Data shown Start Marker

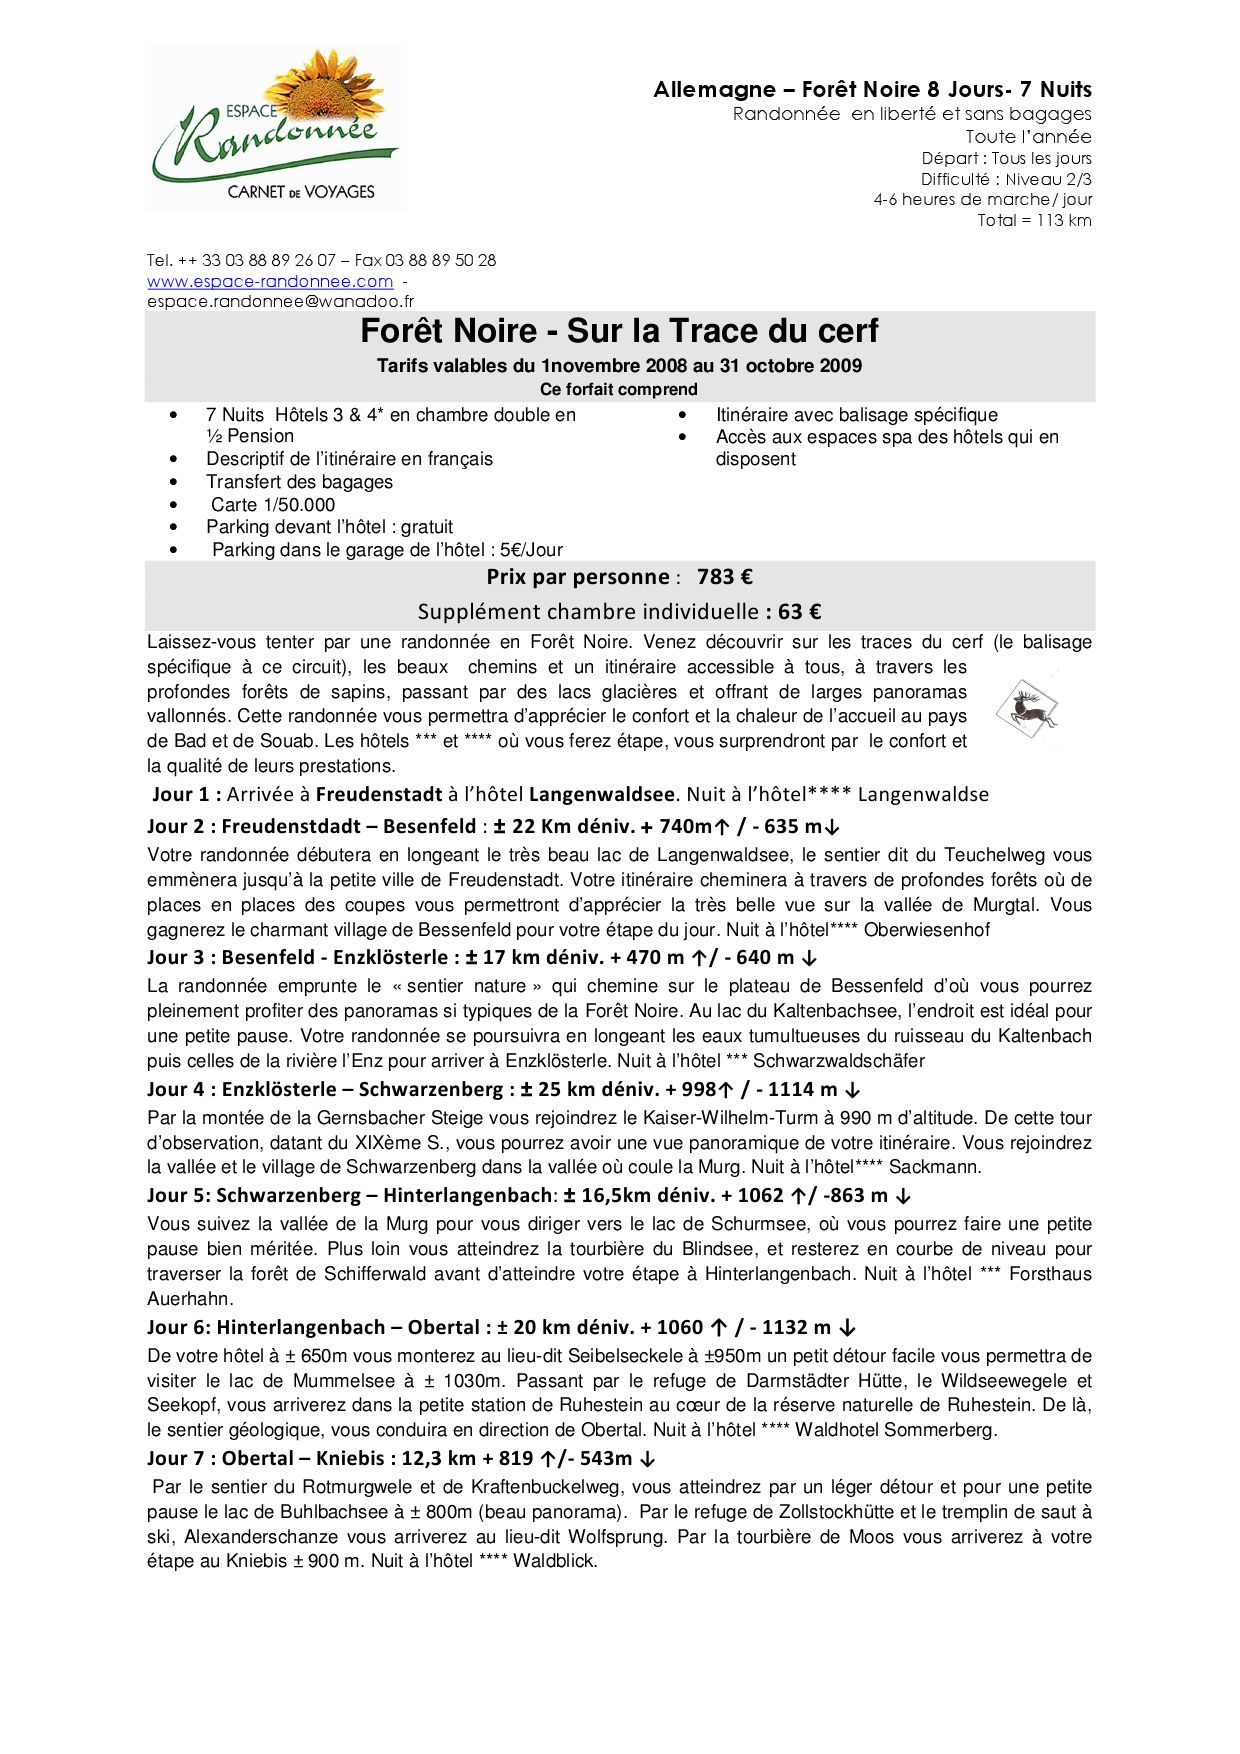 Allemagne espace foret noire 2009 by eureka publicite issuu - Chambre d hotes foret noire allemagne ...
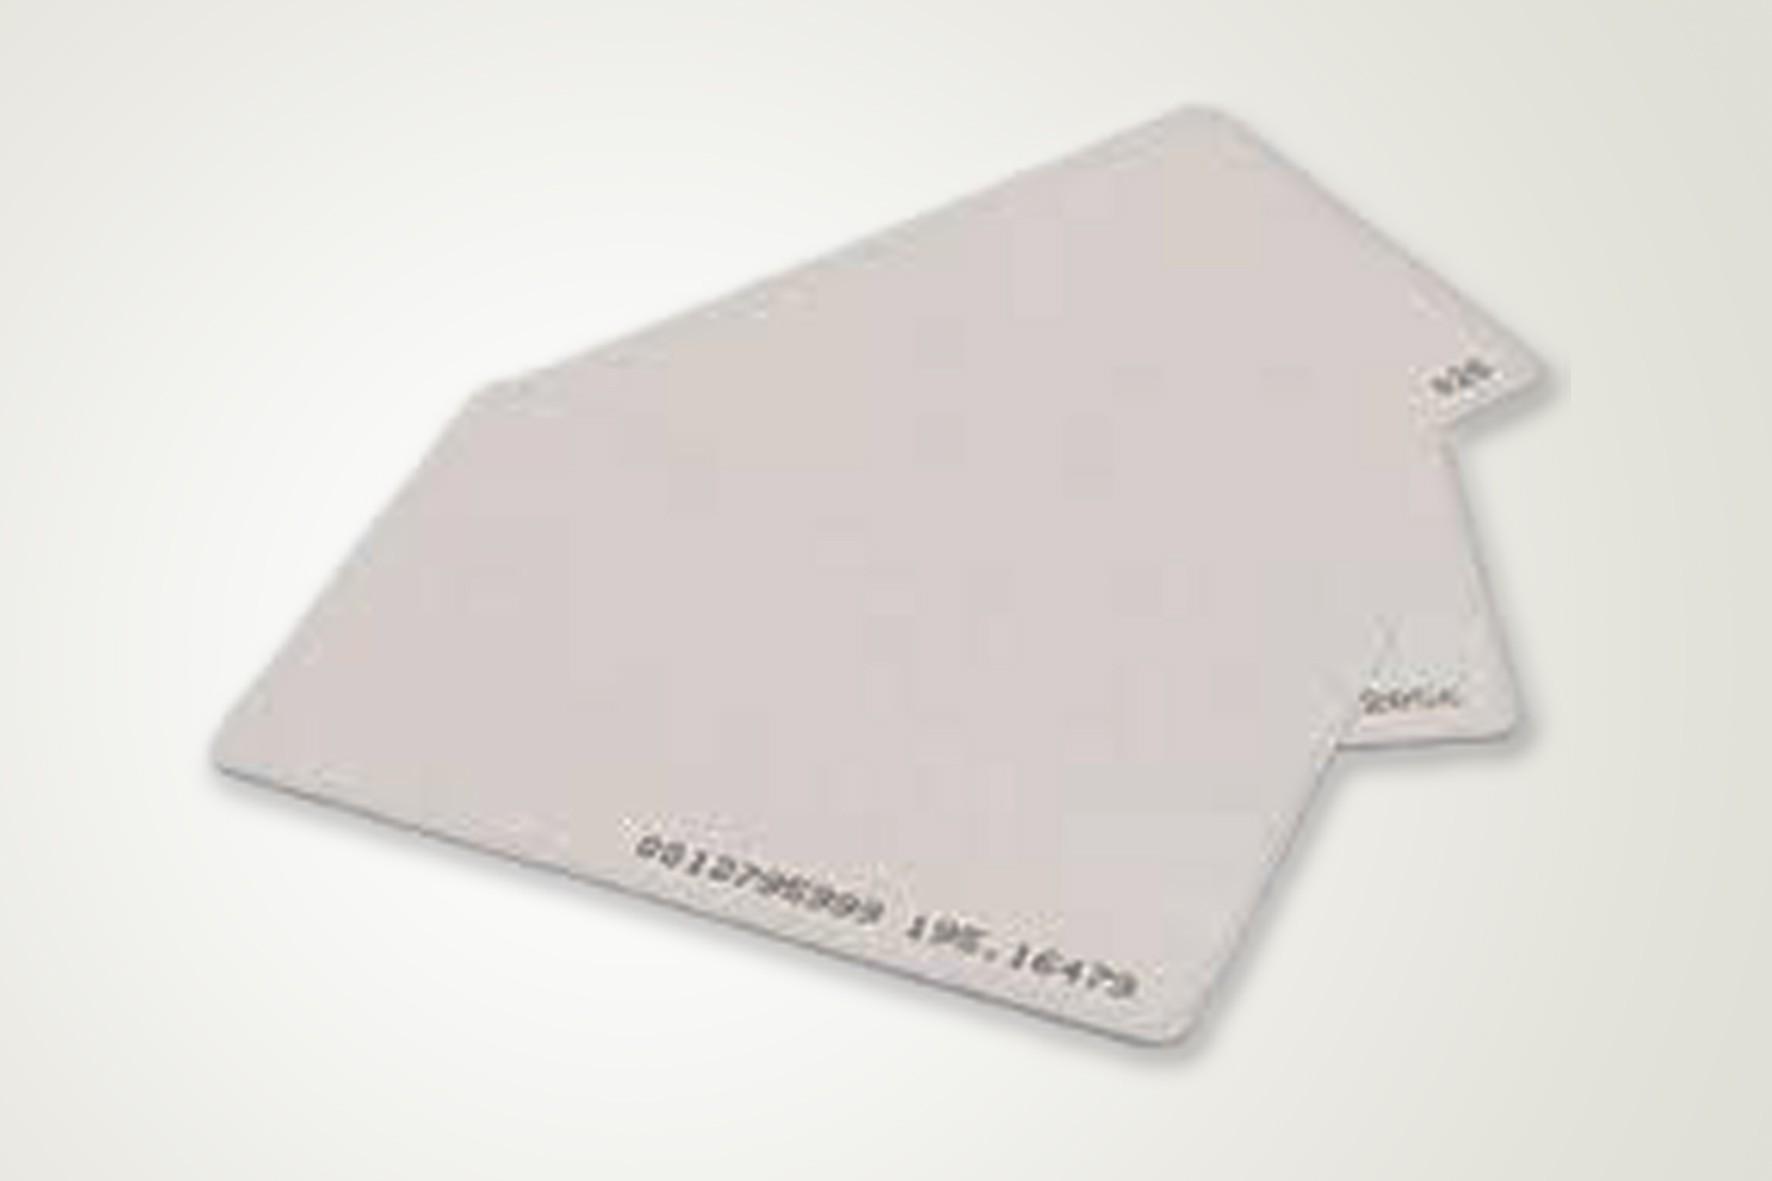 Cartões com Chip de Proximidade na Consolação - Crachá Funcional
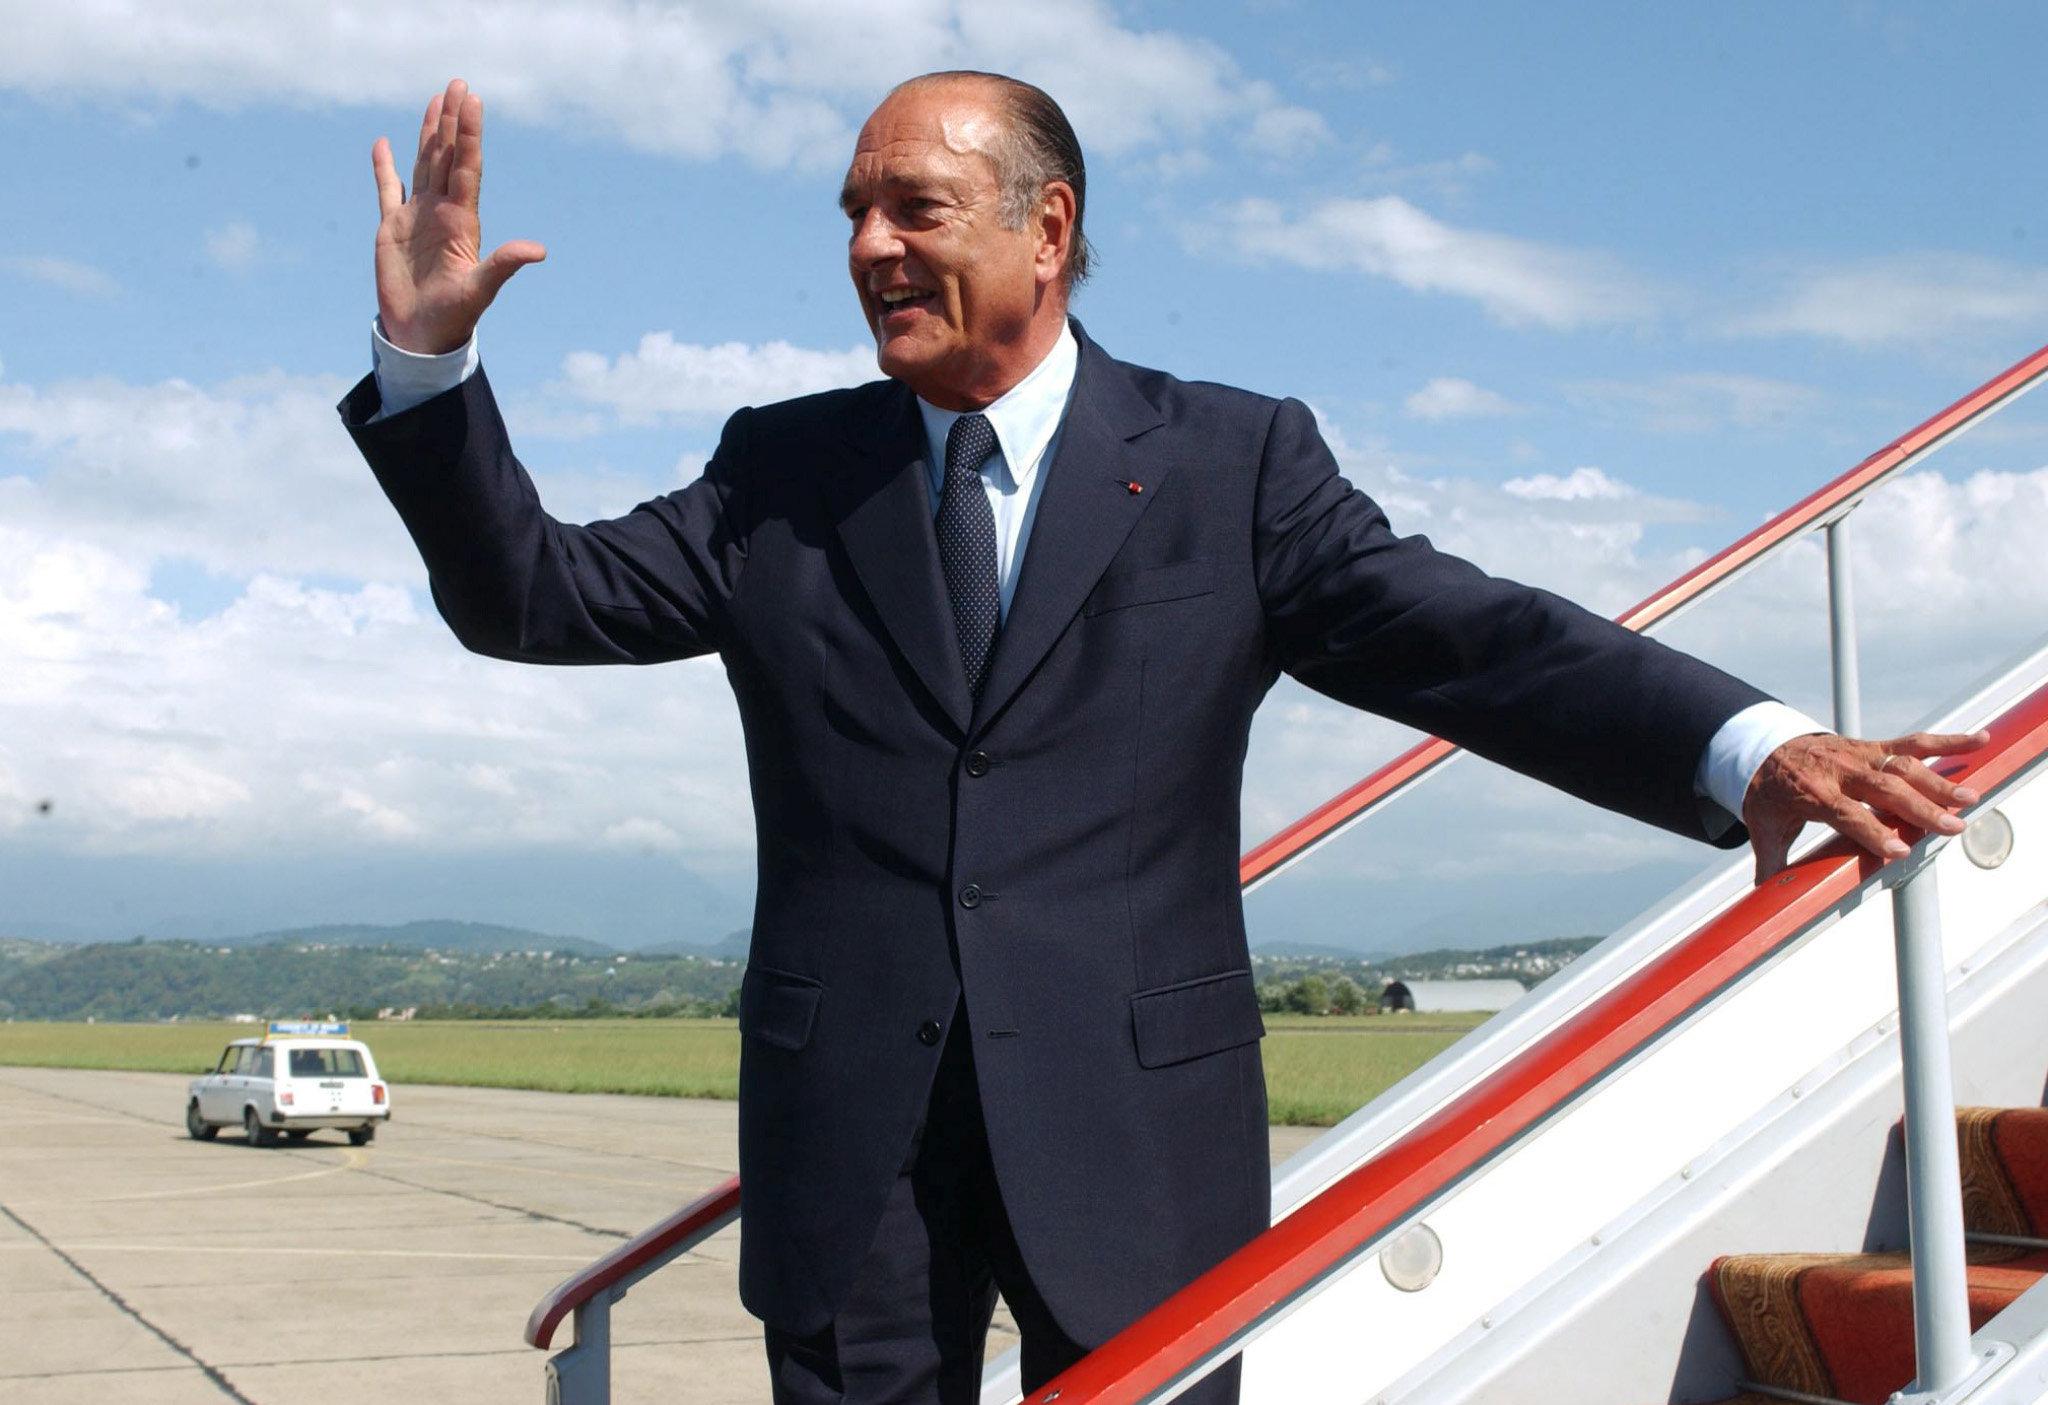 საფრანგეთის პრეზიდენტი ჟაკ შირაკი სოჭში

Data shown End Marker

Exercise: Word for word, return the material above, but drop the pictures.

Result of the exercise:
 Allemagne espace foret noire 2009 by eureka publicite issuu - Chambre d hotes foret noire allemagne ...
 Cartões com Chip de Proximidade na Consolação - Crachá Funcional
 საფრანგეთის პრეზიდენტი ჟაკ შირაკი სოჭში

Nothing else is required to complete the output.